In the area of employee benefits, change seems to be a constant. Factors like health insurance costs and regulations regarding employee pay can make it necessary to meet with your team to discuss what may be unwelcome changes to employee benefits.
When the news is positive, such as a pay increase, the conversation tends to be an easier one. It's when you must inform workers that they will lose employee benefits that the interaction can become awkward and potentially unpleasant.
“Successfully running a business requires balance—whether that is balancing the number of employees necessary to do the work with the amount of money available to pay them or balancing the size of the office space you can rent or purchase with the knowledge that you may eventually need much more," says Heidi Jannenga, president and co-founder of WebPT, a rehab therapy platform for enhancing patient care and fueling business growth.
When Decreasing Employee Benefits Can Be Necessary
“Reducing and/or freezing pay and benefits is never an easy topic of conversation, but from time to time it can become necessary, especially as the cost of health insurance continues to rise," says Jannenga. "If you've explored all other options to increase revenue without cutting employee benefits and determine that you must proceed, then be transparent, open and honest."
—Heidi Jannenga, president and co-founder of WebPT
Jannenga shares costs with her employees, including facts such as how much their health insurance has gone up for the year during an open enrollment benefit workshop they hold for employees each year.
“We have the vendors providing the benefits introduce the new options and discuss strategies for maximizing use. We announce the workshop via a number of channels, including the all-hands stand-up, team meetings, email newsletters and office posters," she says. “Our HR team also attends each session in order to ensure they fully understand the information and are able to answer questions employees may have throughout the year."
Encouraging Employee Buy-In
While employees understand the importance of putting the customer first, that concept can be hard for them to swallow when their benefits and/or pay have been reduced, believes Mark Goulston, author of Just Listen: Discover the Secret to Getting Through to Absolutely Anyone. He runs a mentor program for entrepreneurs who want to be more influential business leaders.
“It can be difficult to expect employees to help customers/clients/users to have an 'abundant' experience when the employees are coming from scarcity," he says. “This is especially true when employees feel that top executives are paid so much more than them and are even given pay raises and benefits in the face of poor performance."

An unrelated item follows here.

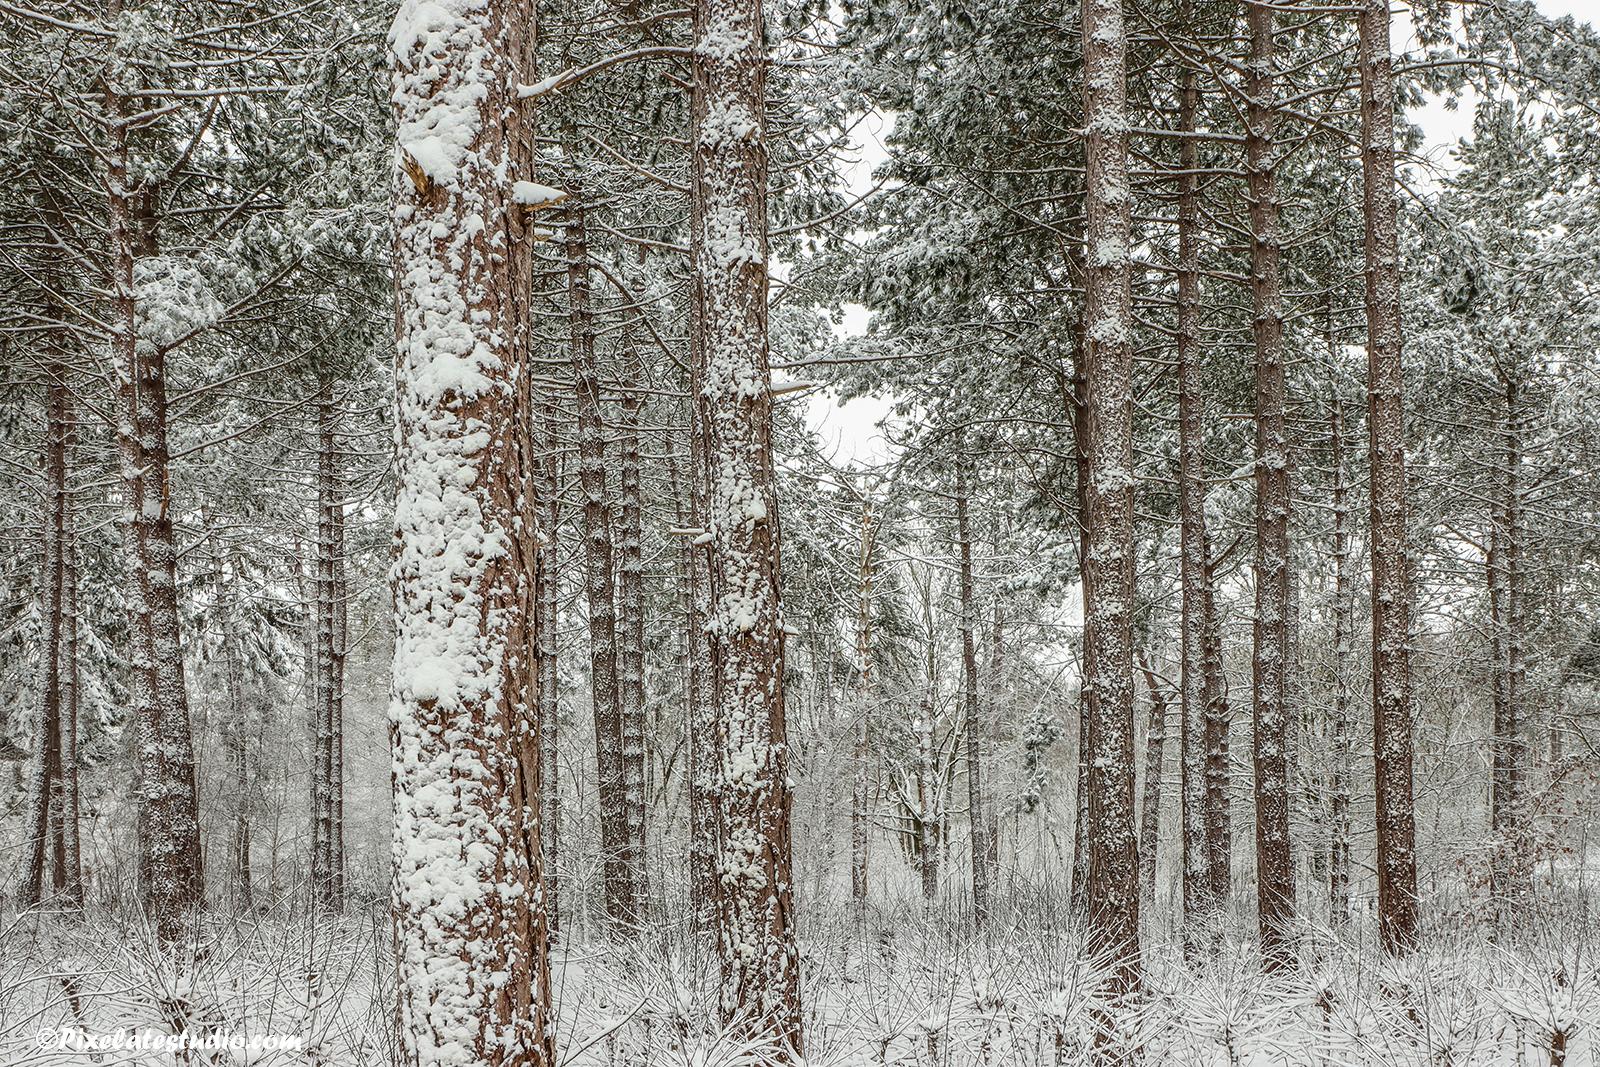 mooie foto van met sneeuw bedekte dennenbomen

To help successfully present a decrease in employee benefits, Goulston suggests approaching the conversation in the following manner:
“Tell each employee that you're all in this together. [...] Not only may you not be able to give them more benefits and higher pay, you may need to cut both," says Goulston. “At the same time, you'd like and need their help in getting through this period and still keeping morale up."
In order to maintain a positive attitude in the office, Goulston suggests asking employees to take the benefits, pay and perks they thought they were going to receive out of the equation and tell you what would need to be different in your company and their position in order for them to say that they thoroughly enjoy their jobs. They may bring up something that you do have control over at this point, such as a change in work hours.
Embrace Conscious Leadership
“People are a company's best asset, and the way we treat our employees has a direct impact on the success of our businesses and the satisfaction of our customers," says Jannenga. “The key to running a successful business is embracing conscious leadership. Get employees to buy in to your overall mission and purpose with as much passion and fervor as you do. When employees become stakeholders in your vision and that vision stays steady, it serves as an anchor to keep everyone on board, even during times of change."
Sharing Good News about Employee Benefits
Of course, telling your workers that you're able to pay them more and offer additional employee benefits and perks can be a positive conversation that everyone may want to have.
“When delivering good news to employees, also be transparent, open and honest," says Jannenga. “Your team has earned this increase together, and it should be an honor to be able to offer them more, so be sure to thank them for their hard work, dedication and vision. Your sincere enjoyment at being able to reward their successes will go a long way. After all, your business wouldn't be what it is without them."